### Source material:
________
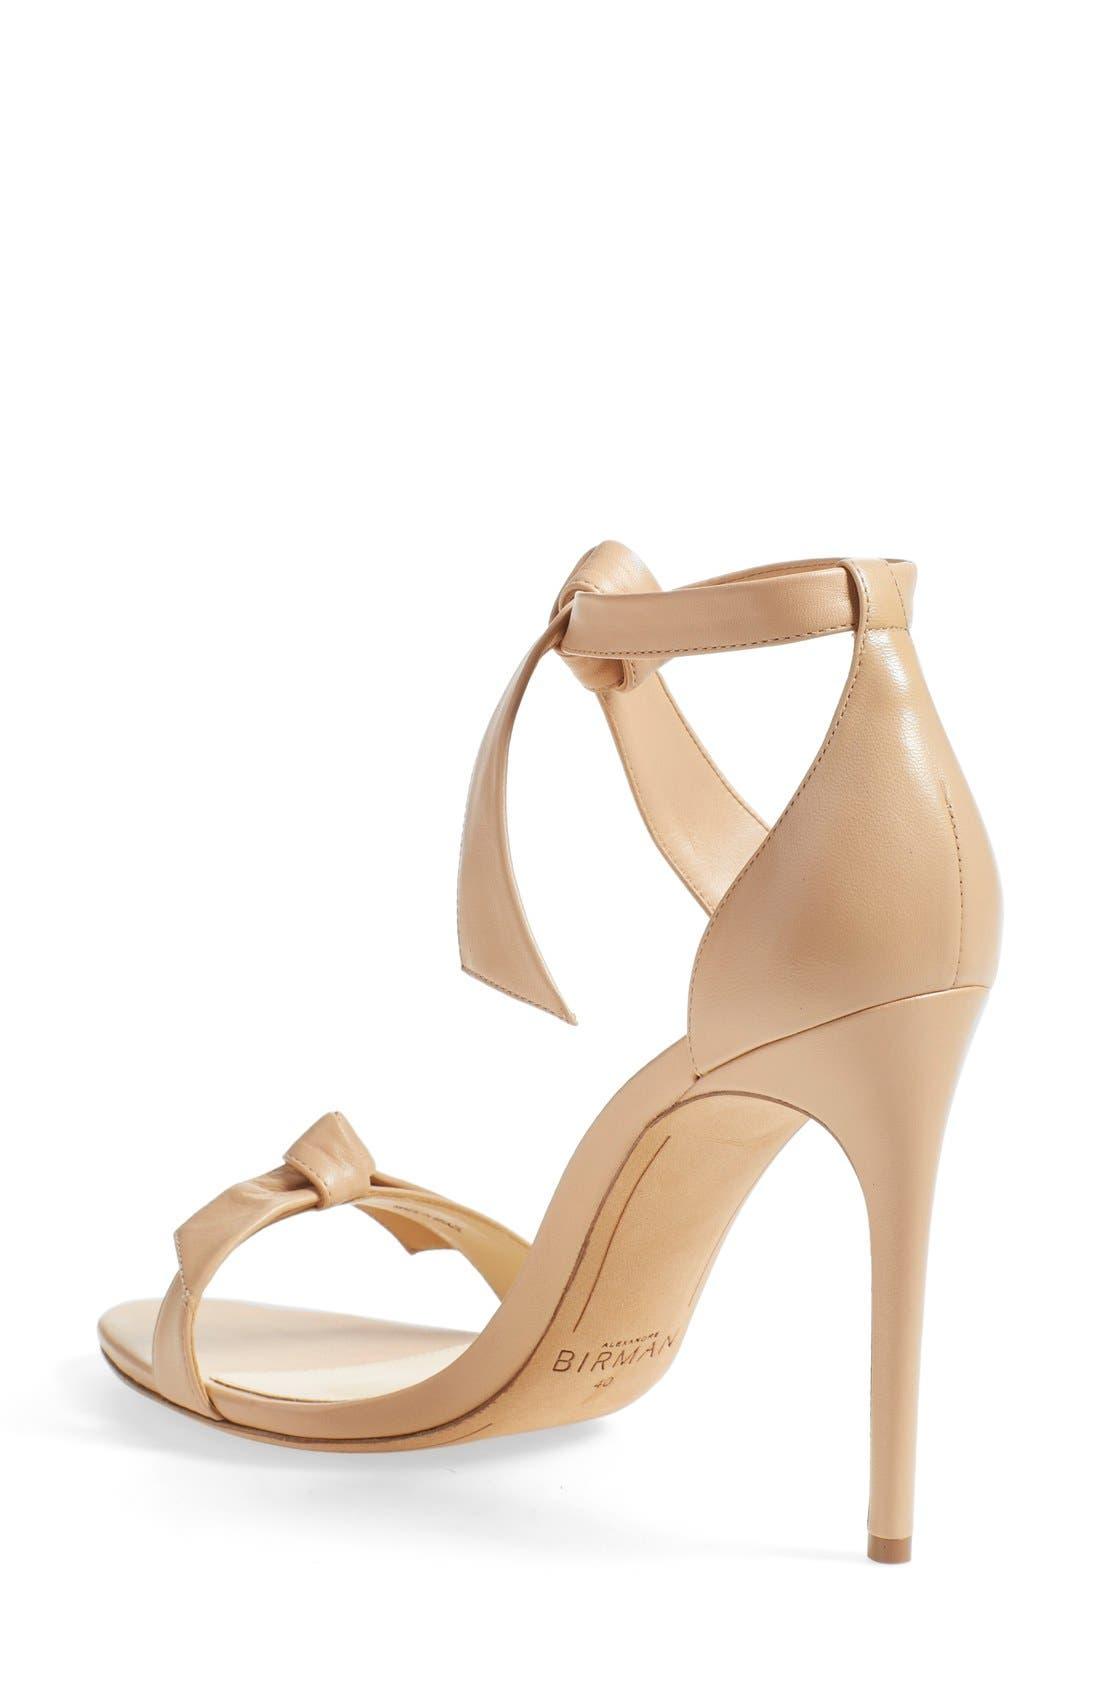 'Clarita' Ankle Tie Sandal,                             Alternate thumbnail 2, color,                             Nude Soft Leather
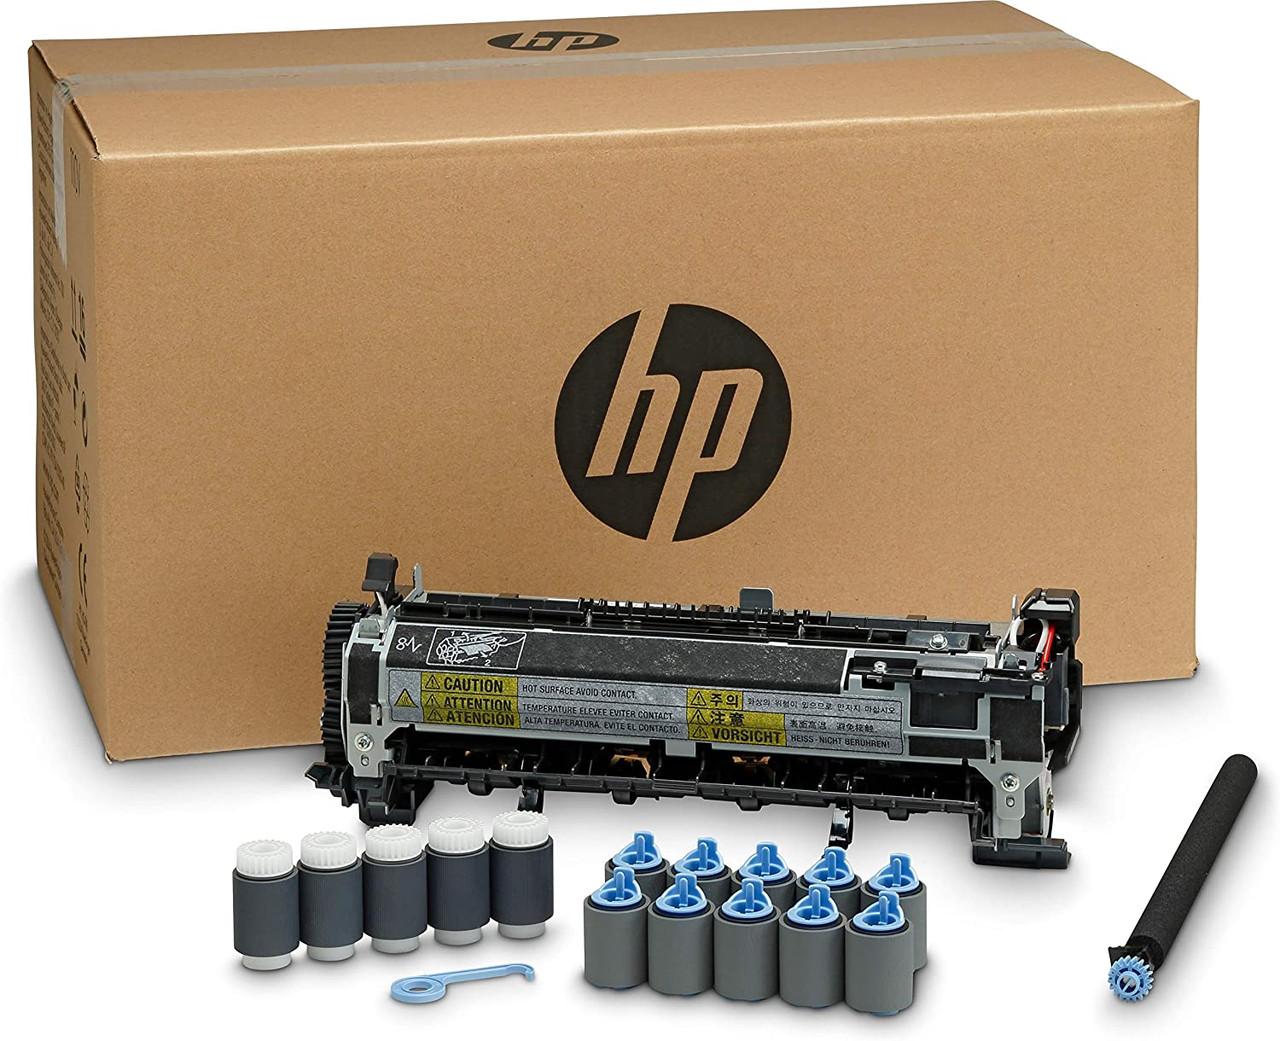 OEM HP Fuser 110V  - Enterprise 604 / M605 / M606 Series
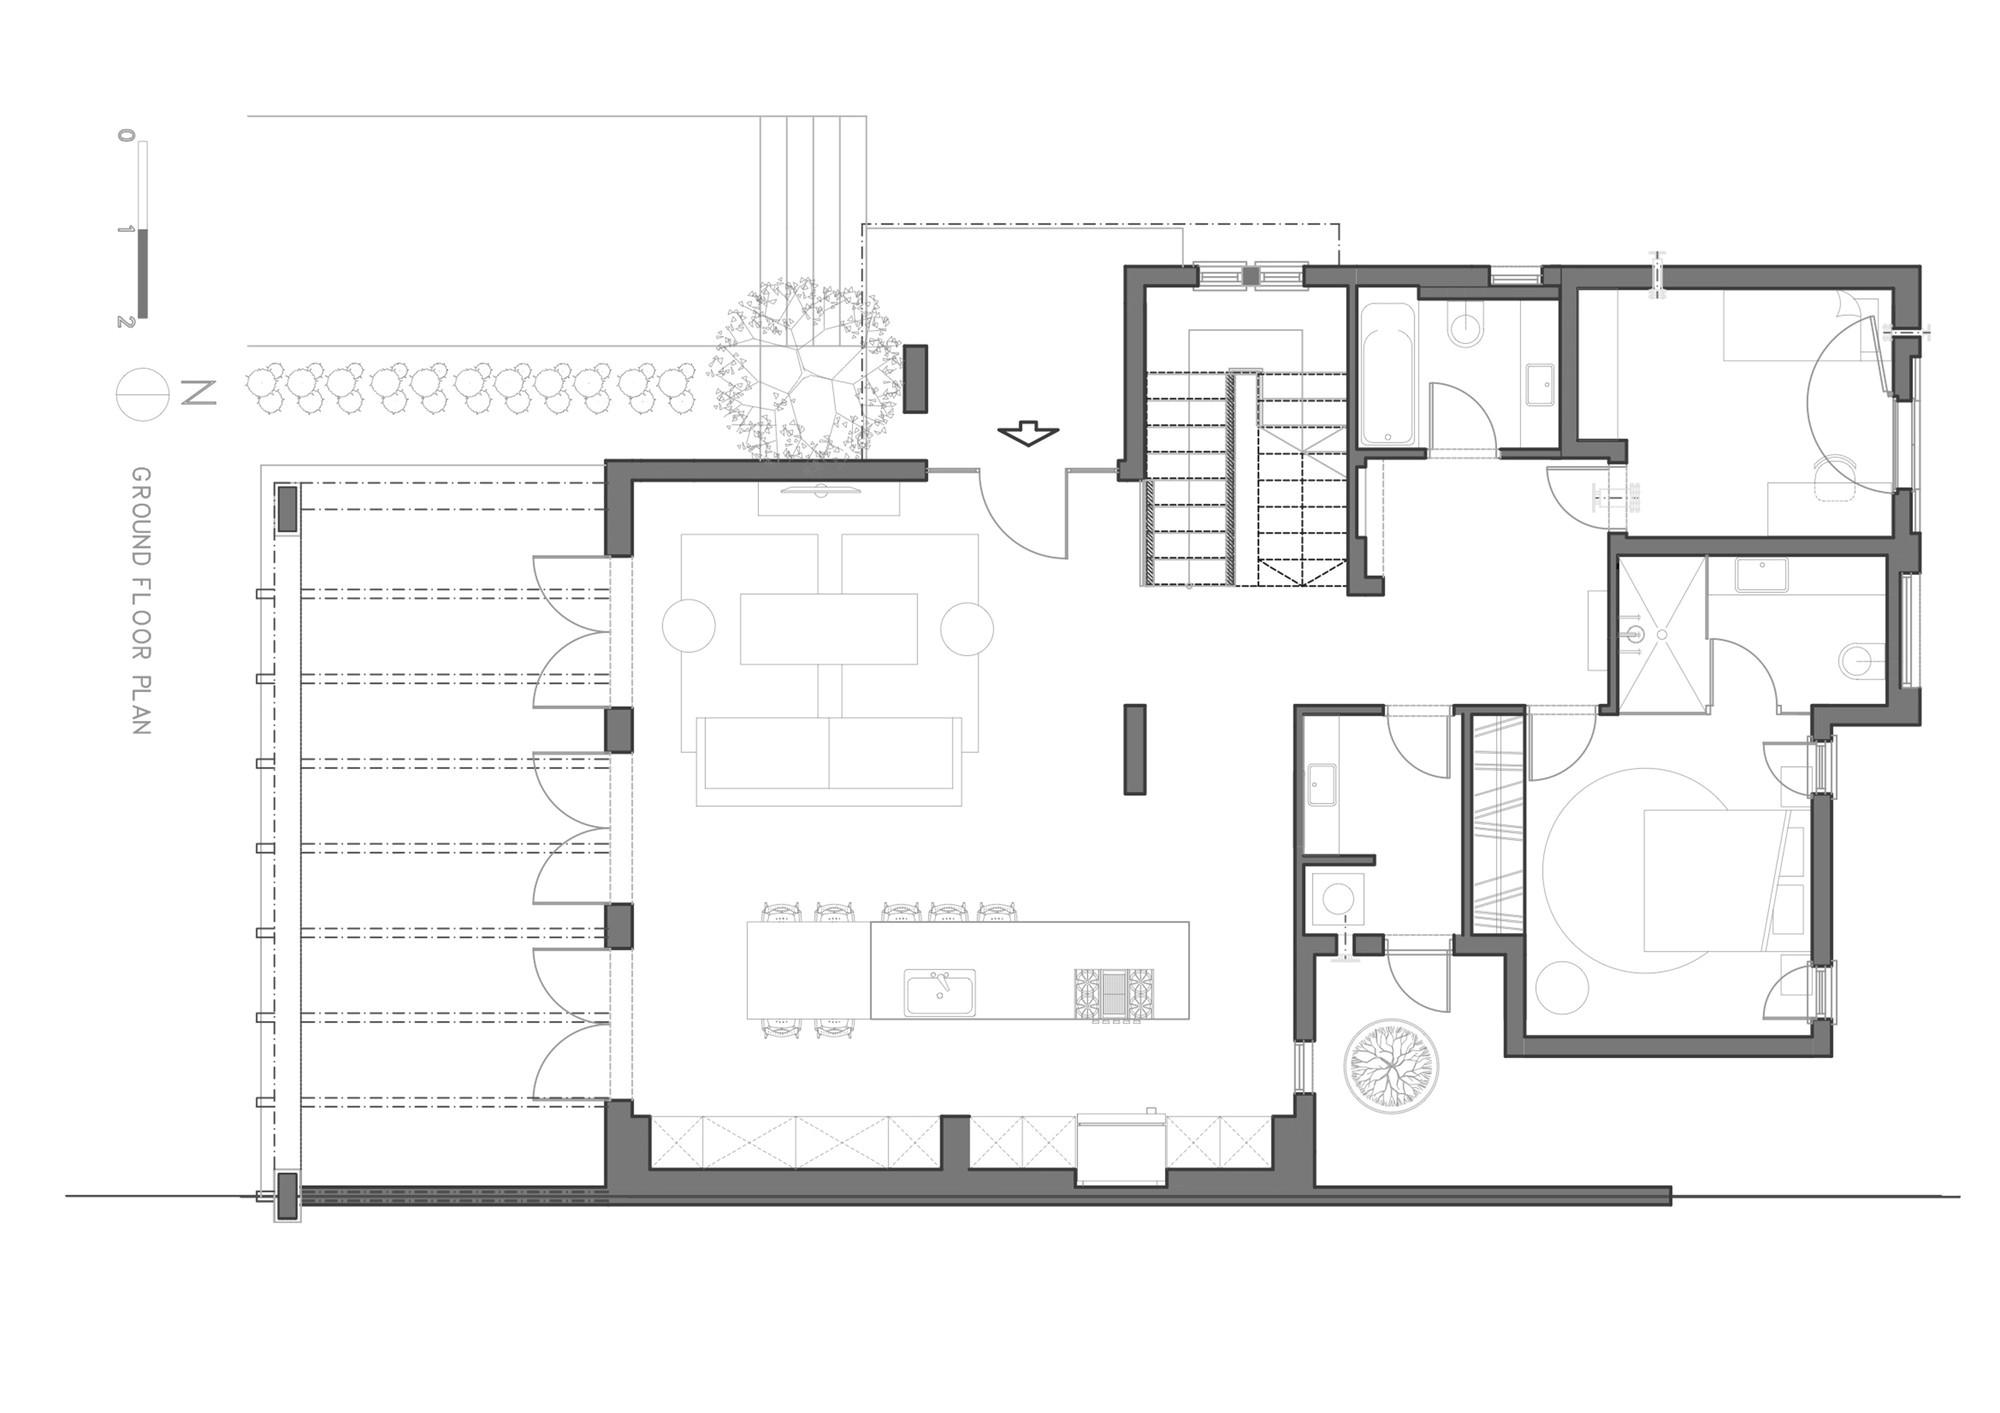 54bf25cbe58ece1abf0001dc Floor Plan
________
Skipping any images, write out all the data exactly.

### Answer for the task:
 'Clarita' Ankle Tie Sandal,                             Alternate thumbnail 2, color,                             Nude Soft Leather
 OEM HP Fuser 110V  - Enterprise 604 / M605 / M606 Series
 54bf25cbe58ece1abf0001dc Floor Plan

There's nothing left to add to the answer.